• **Data excerpt**:
# # # #

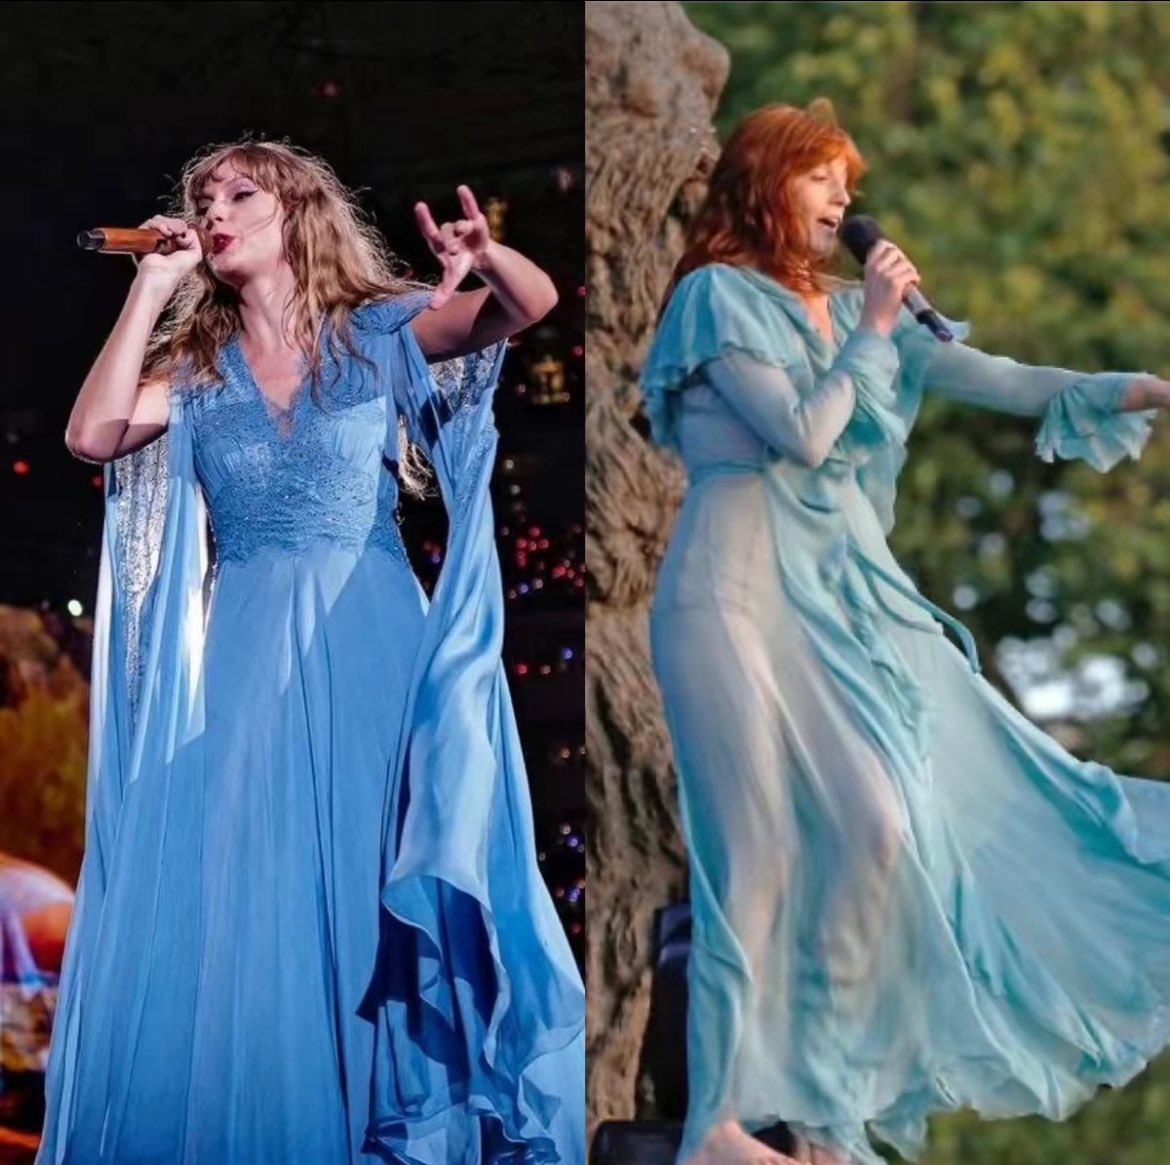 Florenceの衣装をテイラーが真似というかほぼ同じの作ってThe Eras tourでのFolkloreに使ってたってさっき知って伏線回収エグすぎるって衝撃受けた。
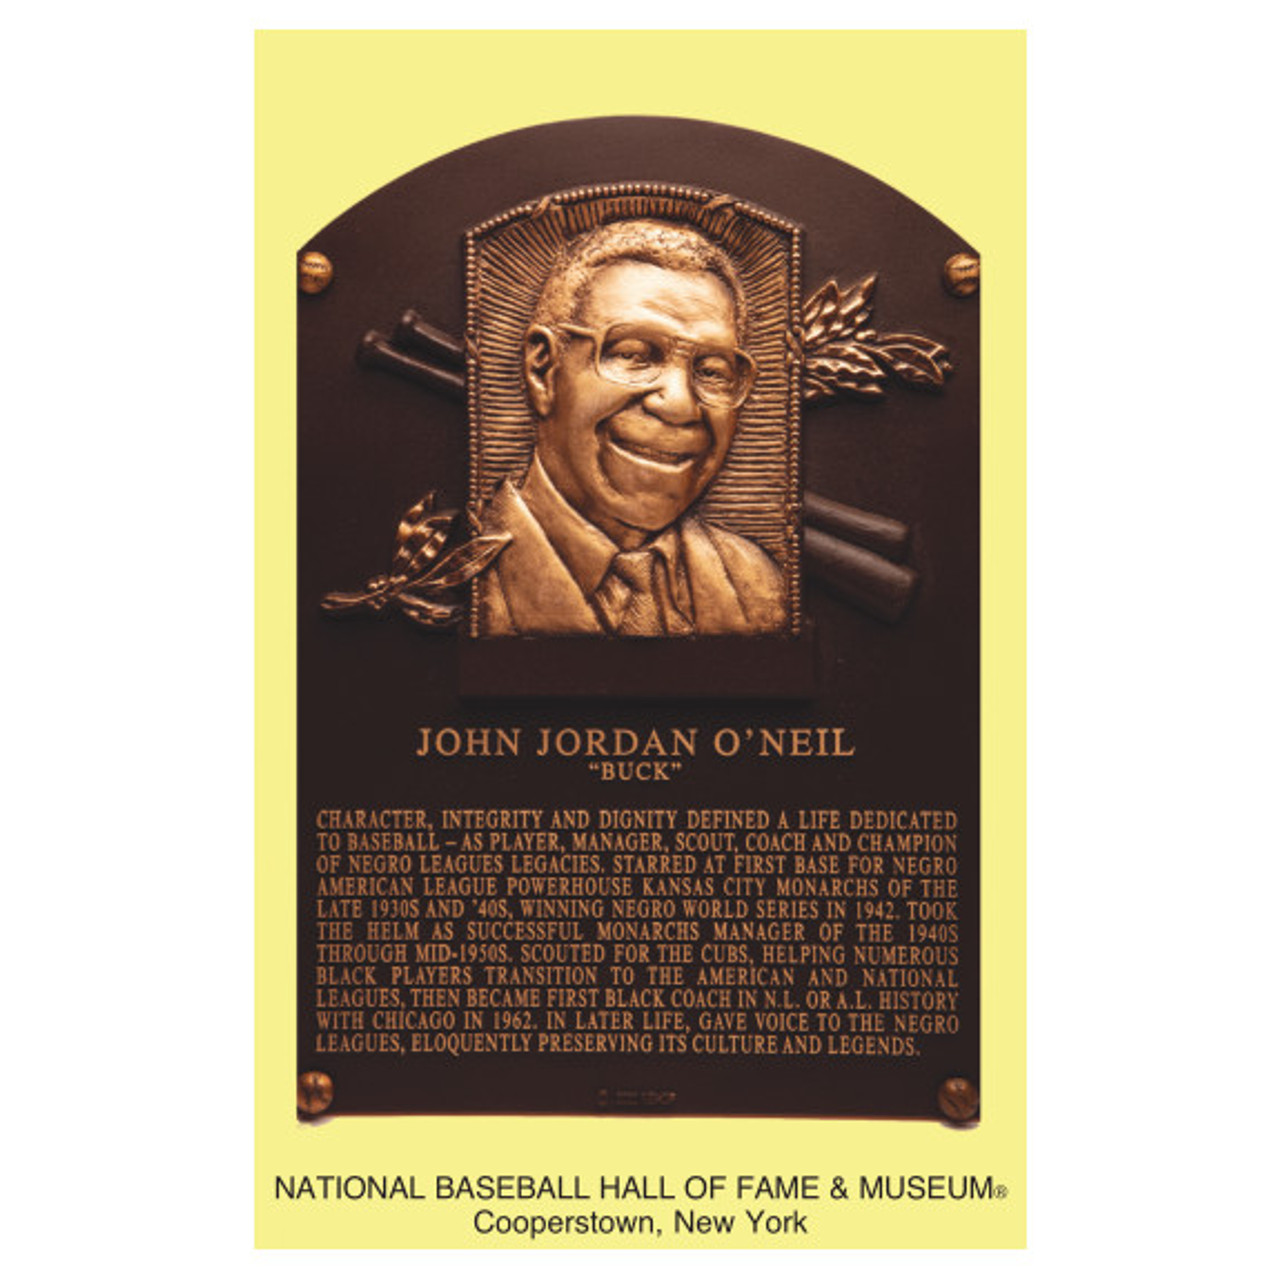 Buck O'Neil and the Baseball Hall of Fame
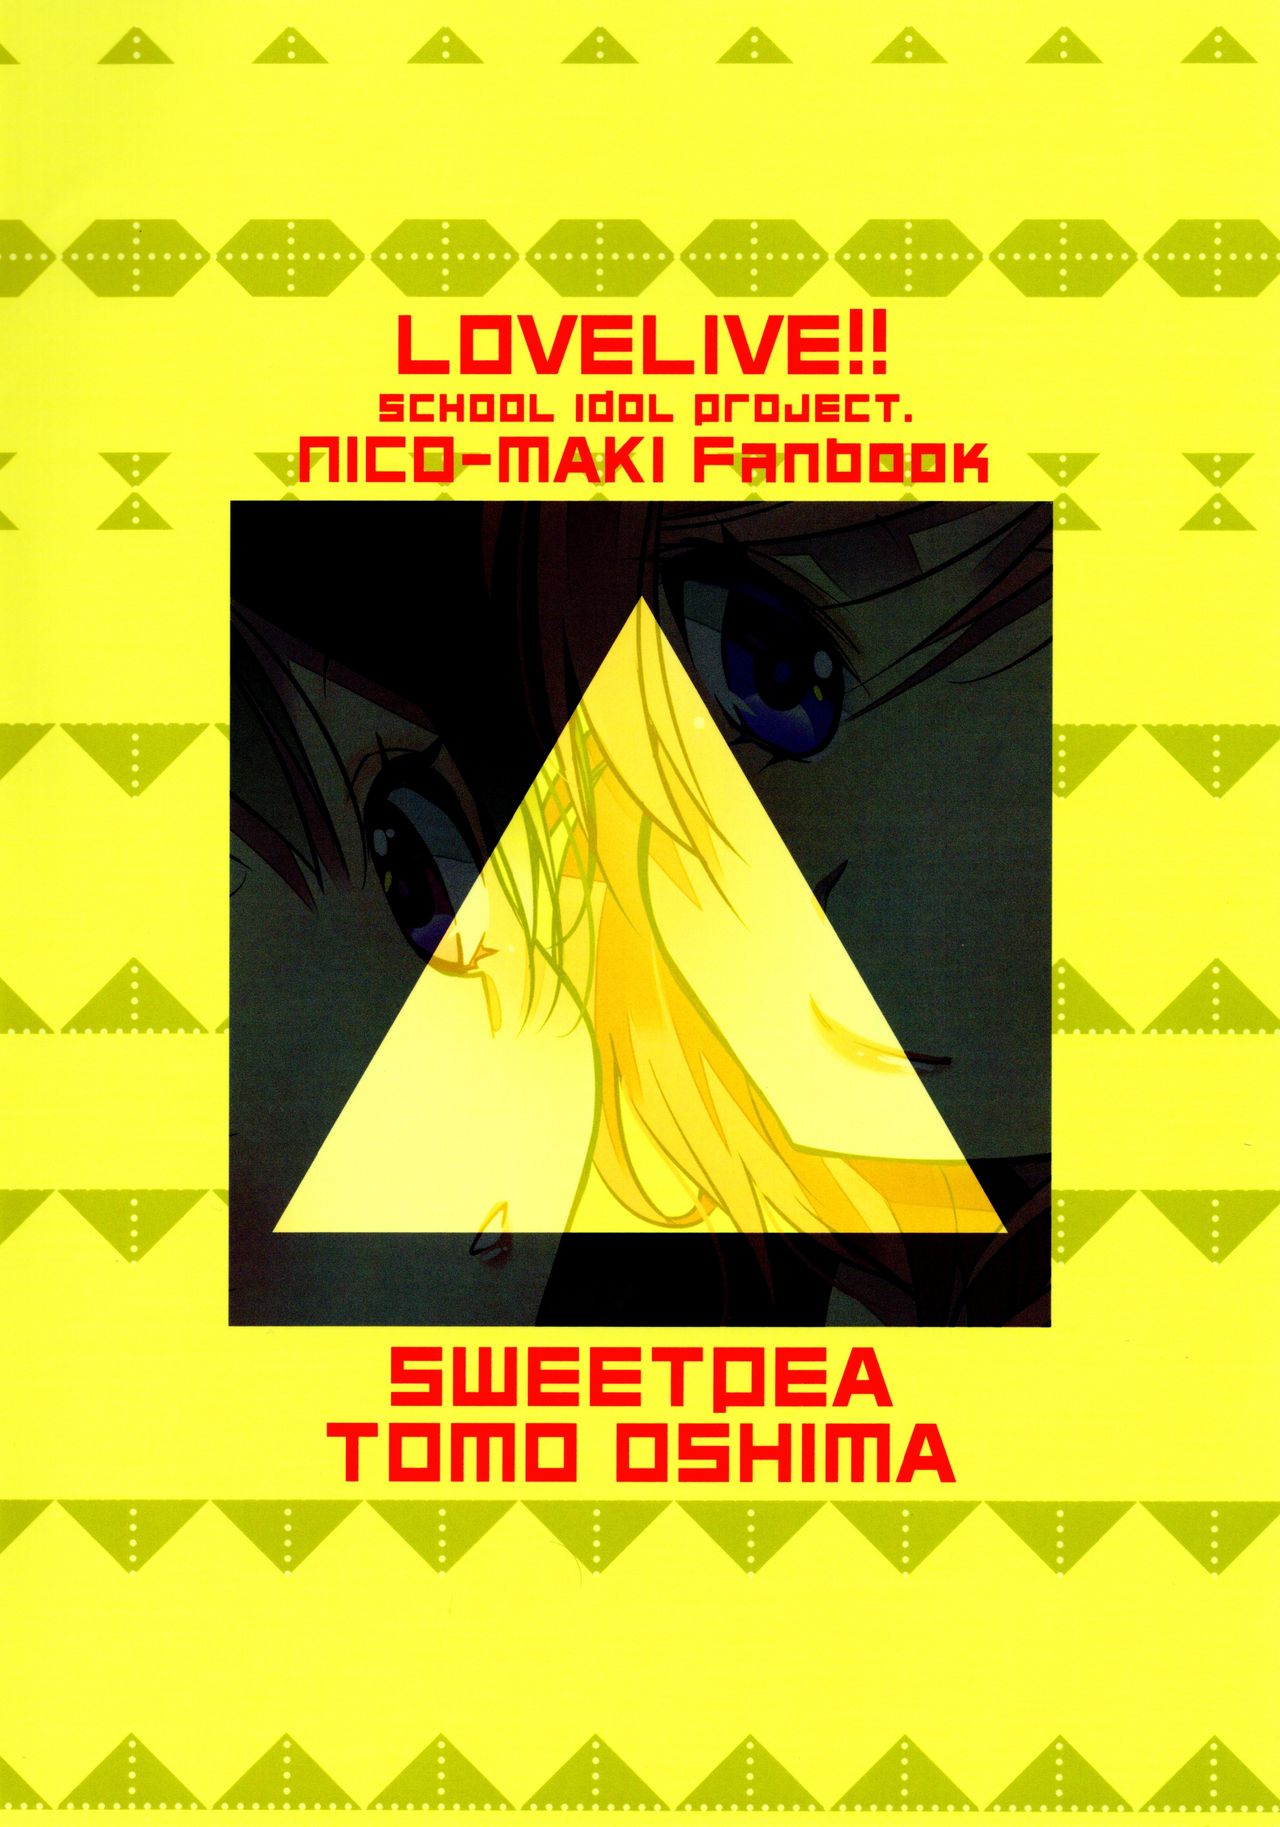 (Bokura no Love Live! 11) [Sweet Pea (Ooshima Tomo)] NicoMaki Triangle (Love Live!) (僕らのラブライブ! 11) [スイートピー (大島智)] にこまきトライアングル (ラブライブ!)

# # # #

• **Problem details**:
Give the data again exactly, image-free.

• **Completed task**:
 Florenceの衣装をテイラーが真似というかほぼ同じの作ってThe Eras tourでのFolkloreに使ってたってさっき知って伏線回収エグすぎるって衝撃受けた。
 Buck O'Neil and the Baseball Hall of Fame
 (Bokura no Love Live! 11) [Sweet Pea (Ooshima Tomo)] NicoMaki Triangle (Love Live!) (僕らのラブライブ! 11) [スイートピー (大島智)] にこまきトライアングル (ラブライブ!)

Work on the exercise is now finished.